Dataset section below:
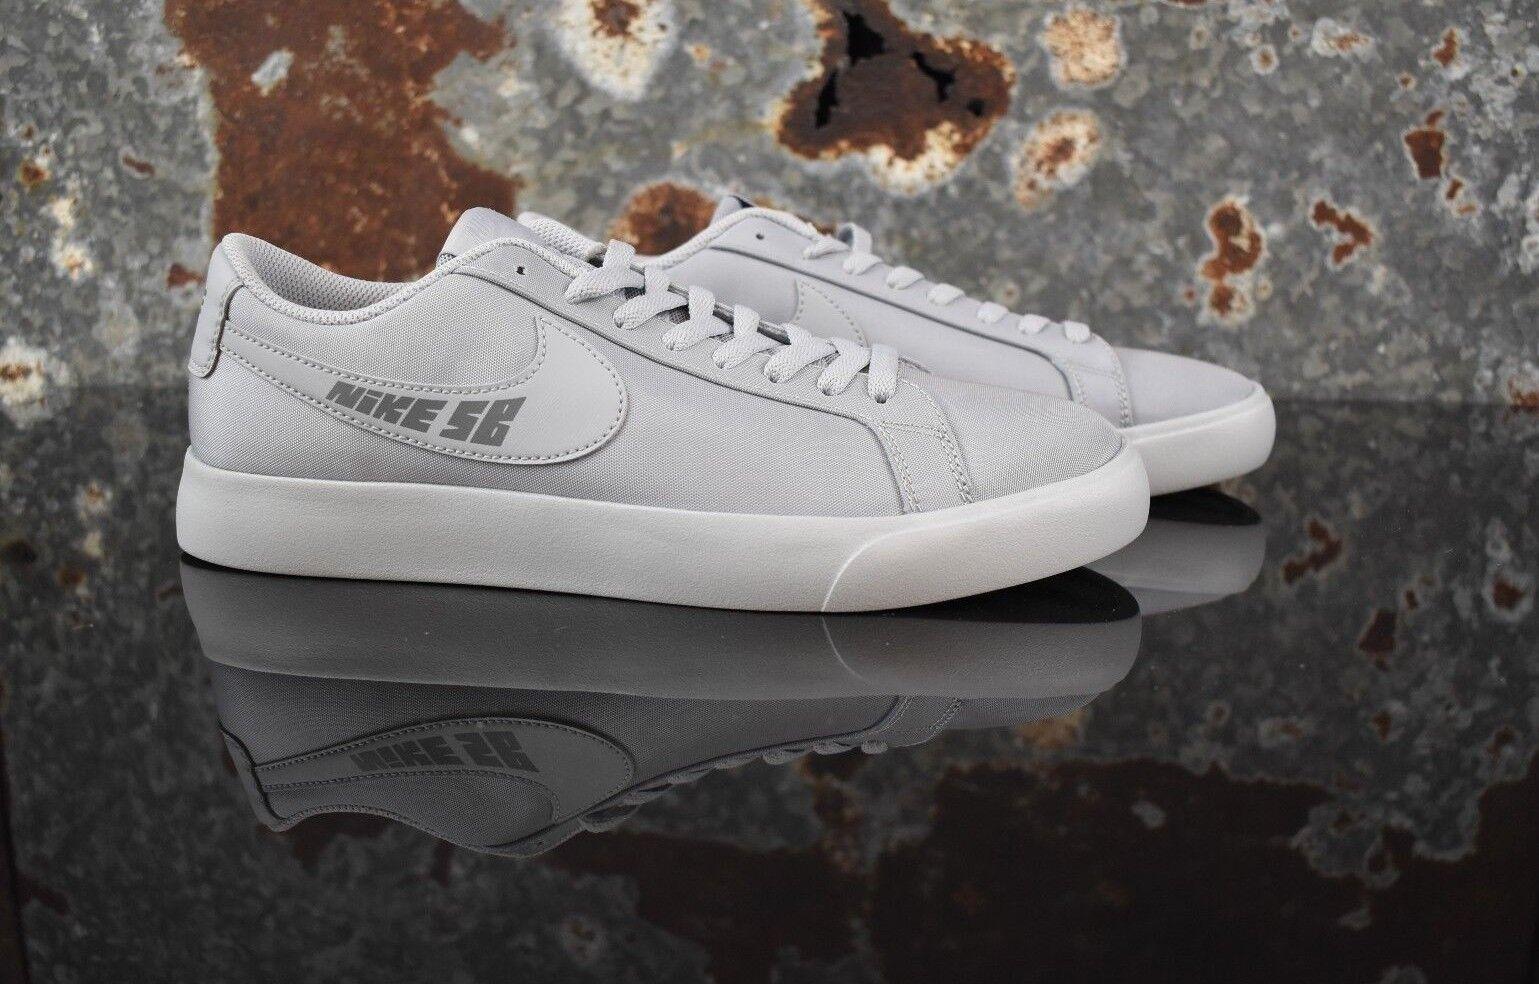 New Men's Nike SB Blazer Vapor TXT Size 8.5 Wolf Grey Skateboarding Shoes
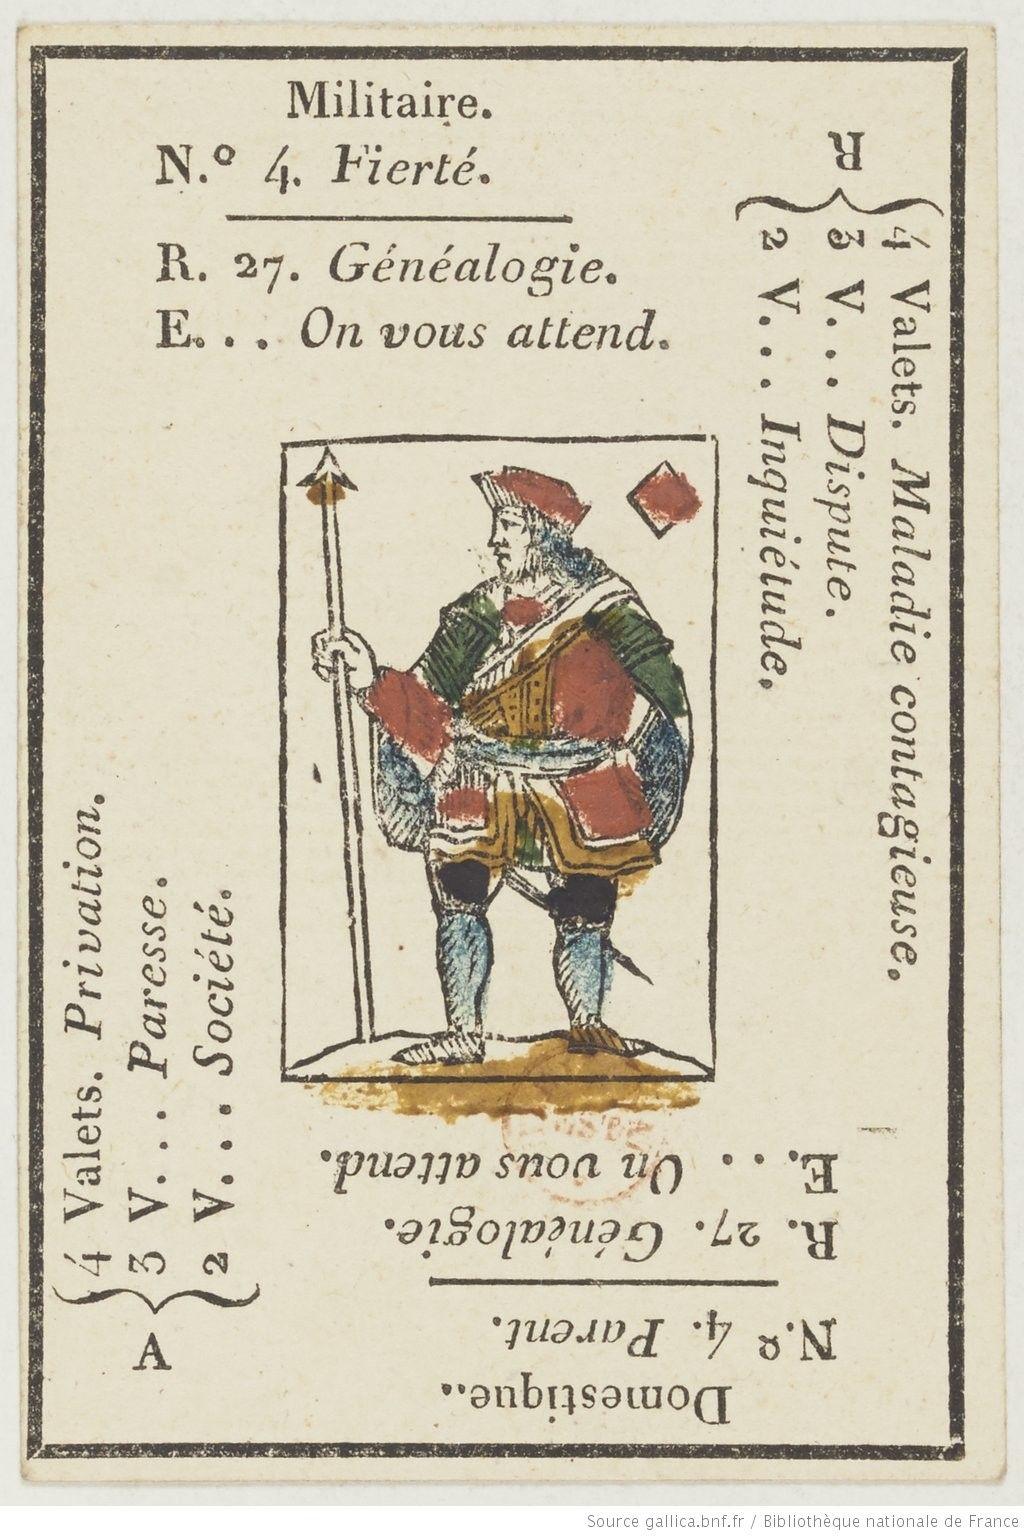 Jeu De Cartomancie Dit Petit Etteilla Jeu Divinatoire Jeu De Cartes Estampe Gallica Jeu De Cartes Cartomancie Carte A Jouer
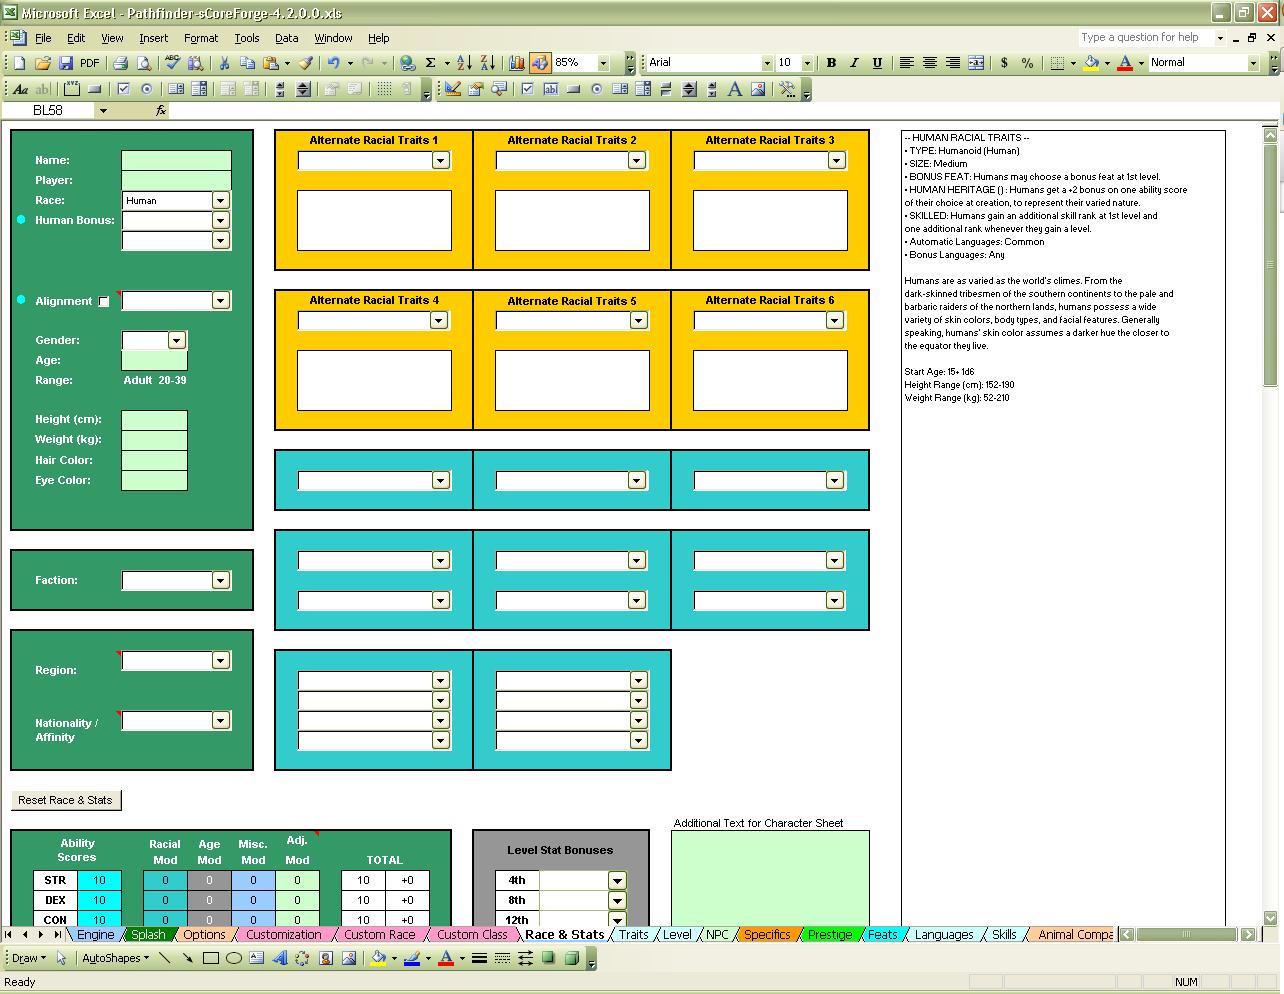 Pathfinder Downtime Spreadsheet In Nikki Scoreforge
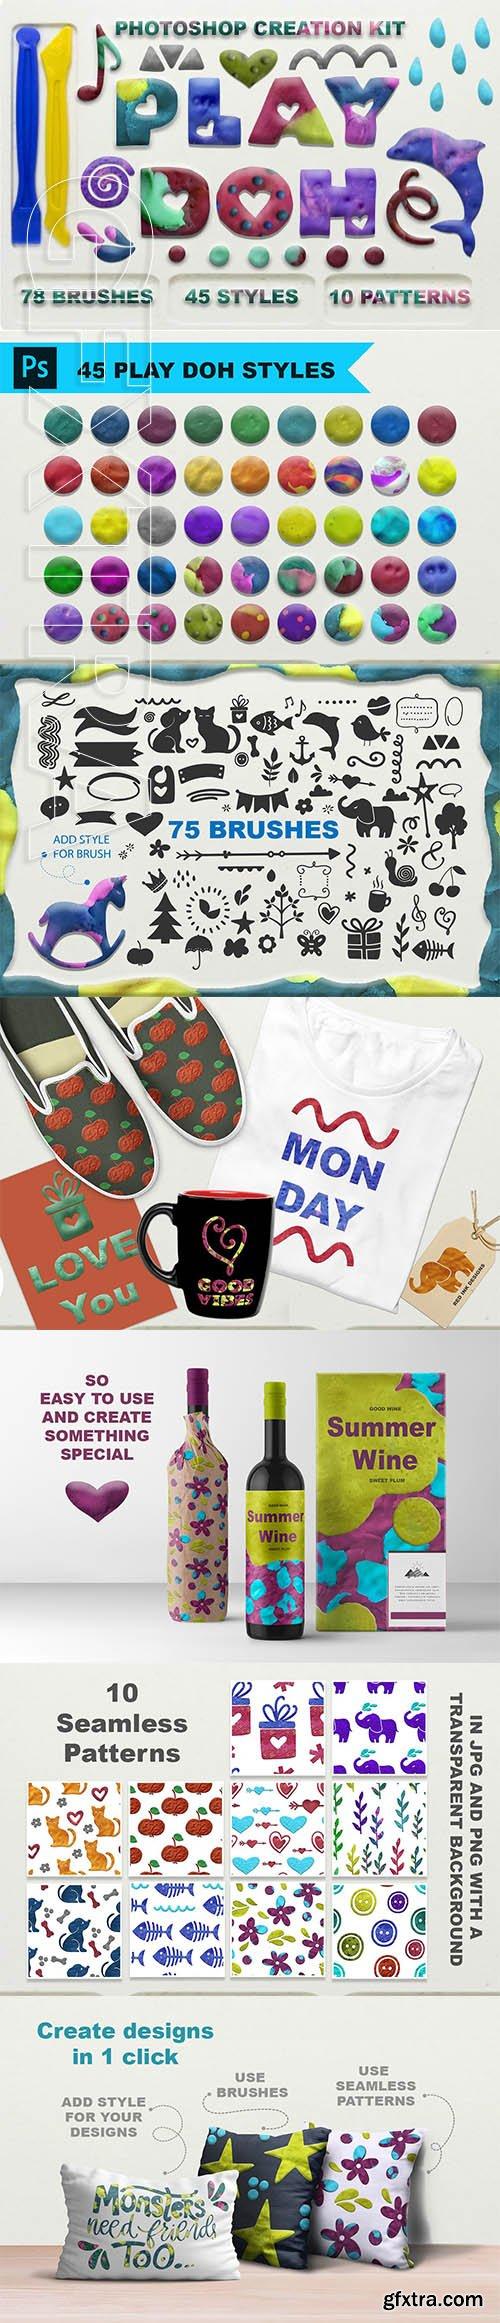 CreativeMarket - Play Doh Photoshop creation kit 3258463
End of Dataset section.
An exact copy of the listing above is to be set down, with no pictures in it.

#### Answer to this exercise:
 New Men's Nike SB Blazer Vapor TXT Size 8.5 Wolf Grey Skateboarding Shoes
 Jeu De Cartomancie Dit Petit Etteilla Jeu Divinatoire Jeu De Cartes Estampe Gallica Jeu De Cartes Cartomancie Carte A Jouer
 Pathfinder Downtime Spreadsheet In Nikki Scoreforge
 CreativeMarket - Play Doh Photoshop creation kit 3258463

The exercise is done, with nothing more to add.